In Europa won de zuivellobby. Maar in de VS krijgen de zuivelalternatieven hun zin. Van de Amerikaanse Food and Drug Administration mogen haver-, erwten-, soja-, rijst-, amandel-, noten- en andere plantaardige drinks zich gewoon 'melk' noemen. Maar dan liefst wel met een stukje uitleg erbij, dat duidelijk maakt hoe de nutriëntensamenstelling van het plantaardige alternatief verschilt van die van melk.
De aanbeveling gaat ervan uit dat koemelk de superieure standaard is, terwijl 'mensenmelk' misschien wel een betere standaard zou zijn (Walter Willett)
In 2018 vroeg de Food and Drug Administration (FDA) om publieke feedback over plantaardige melkalternatieven om beter te begrijpen hoe consumenten deze plantaardige producten gebruiken en hoe ze termen zoals bijvoorbeeld 'melk' of 'yoghurt' opvatten wanneer deze deel uitmaken van de namen van plantaardige producten. Ruim 13.000 opmerkingen verder concludeert de FDA dat consumenten over het algemeen snappen dat plantaardige melkalternatieven geen melk bevatten, maar dat velen niet op de hoogte zijn van de verschillen in voedingswaarde tussen melk en plantaardige alternatieven.

En dus komt de FDA met een compromis. De snelgroeiende alternatieve zuivelmarkt mag zich melk noemen. Het afgelopen jaar steeg de verkoop van gekoelde koemelk weliswaar tot $12,3 miljard dollar, maar over de afgelopen 50 jaar halveerde de koemelkconsumptie, aldus The Washington Post. Daar staat tegenover dat de verkoop van melkalternatieven sinds 2016 steeg van $1,4 tot $2,5 miljard, volgens marktonderzoeksbureau NielsenIQ.

Tientallen plantaardige dranken zijn er ondertussen op de markt, op basis van noten (amandelen, cashews, walnoten), peulvruchten (soja, erwten), granen (haver, quinoa) of zaden (hennep, vlas) met 'melk' op het etiket. En als die nu, op vrijwillige basis, gewoon op het etiket zetten hoe ze zich in nutritioneel opzicht verhouden tot echte melk, is er geen vuiltje aan de lucht, hoopt de FDA. Op het etiket zou bijvoorbeeld kunnen staan: "bevat minder vitamine D en calcium dan melk" of "bevat minder eiwit dan melk".
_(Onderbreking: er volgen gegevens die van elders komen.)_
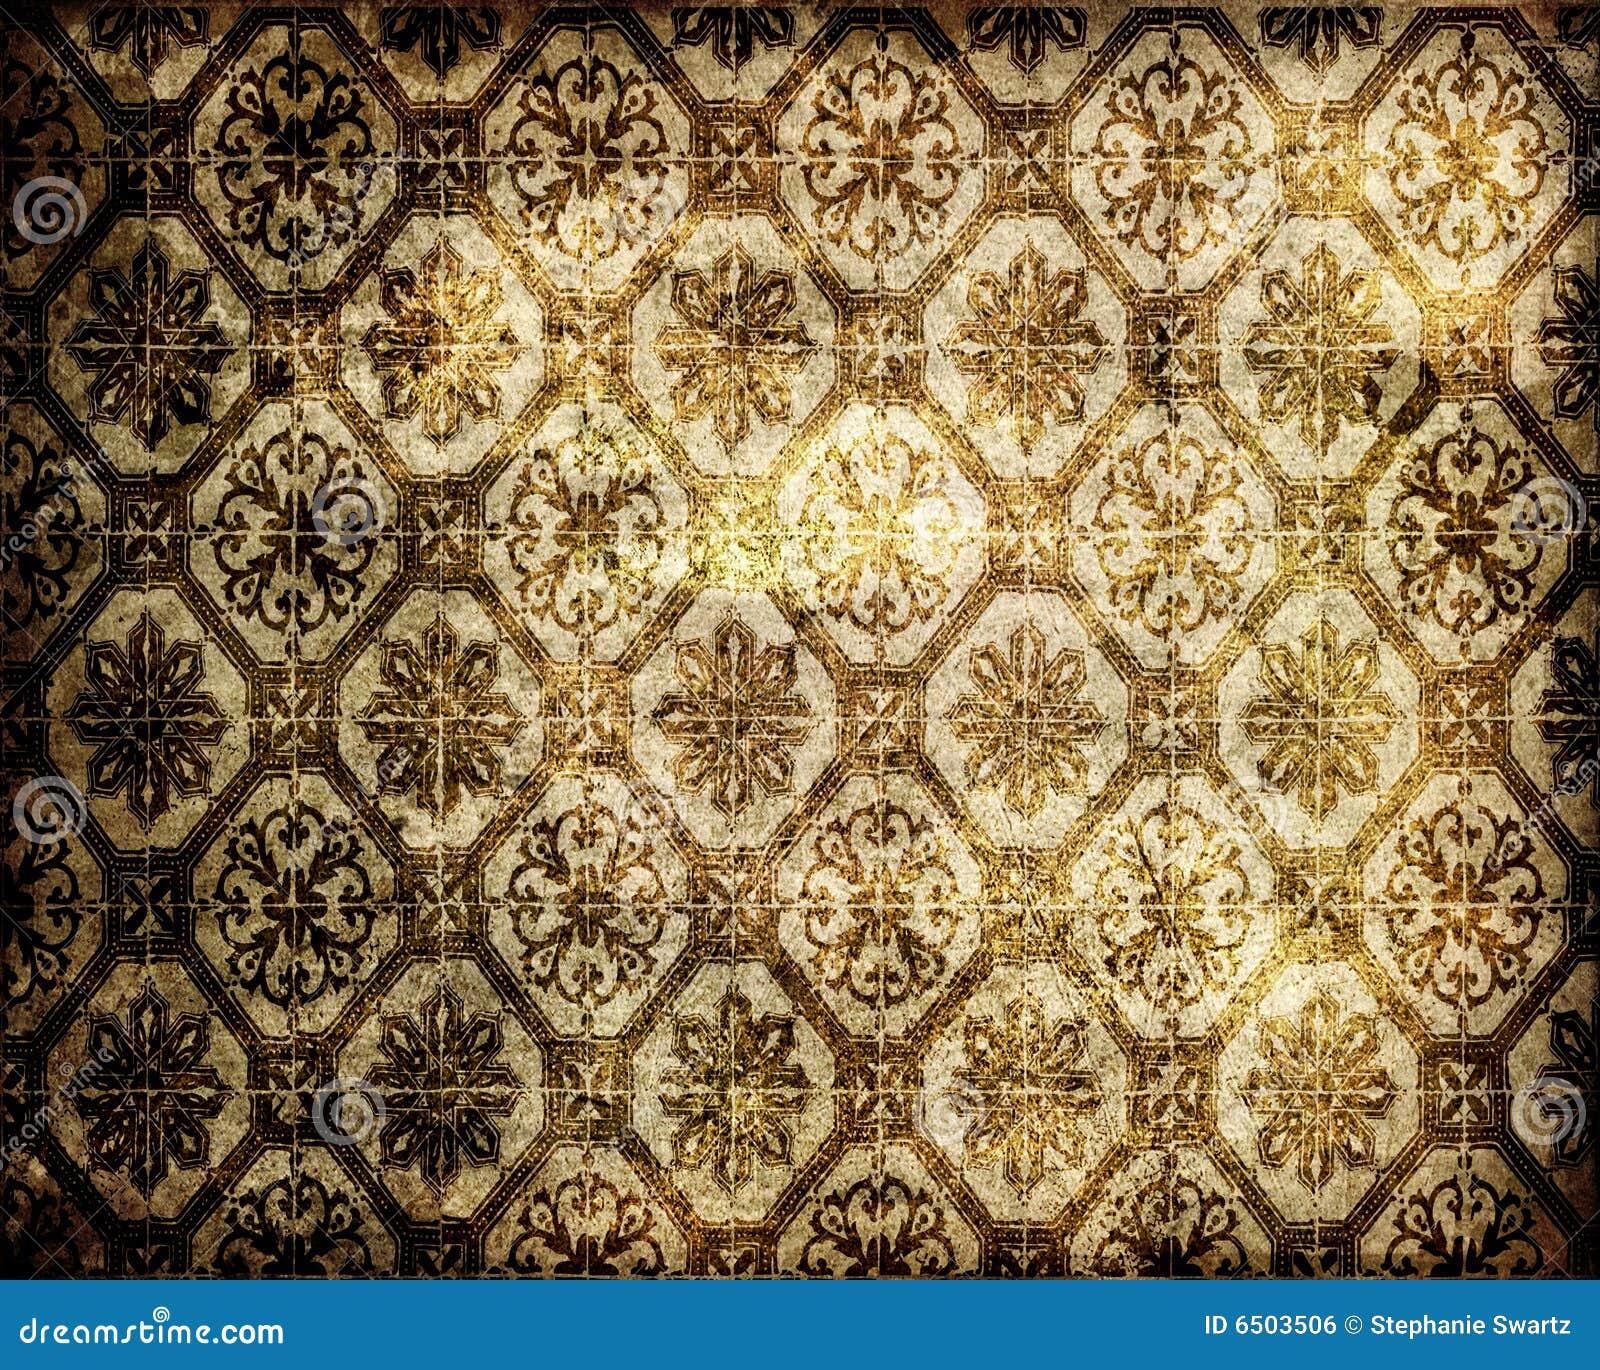 grungy viktorianische tapete 6503506 - Viktorianische Tapete

Koemelk, wel te verstaan. Waarom eigenlijk, vraagt voedingsonderzoeker Walter Willett, hoogleraar epidemiologie en voeding aan de Harvard T.H. Chan School of Public Health en hoogleraar geneeskunde aan de Harvard Medical School, zich af. "De aanbeveling gaat ervan uit dat koemelk de superieure standaard is, terwijl 'mensenmelk' misschien wel een betere standaard zou zijn." zegt hij in Quartz. Volgens Willett is het streven naar eenzelfde eiwitgehalte als koemelk 'dubieus', aangezien de eiwitinname voor kinderen niet als een kritiek probleem wordt beschouwd. "De hoeveelheid in mensenmelk zou een redelijke norm zijn."

In Europa liep de discussie over plantaardige melken anders af. Daar besloot het Europees Hof van Justitie in 2017 dat plantaardige zuivel geen echte zuivelnamen mag dragen. Het zou consumenten in de war brengen.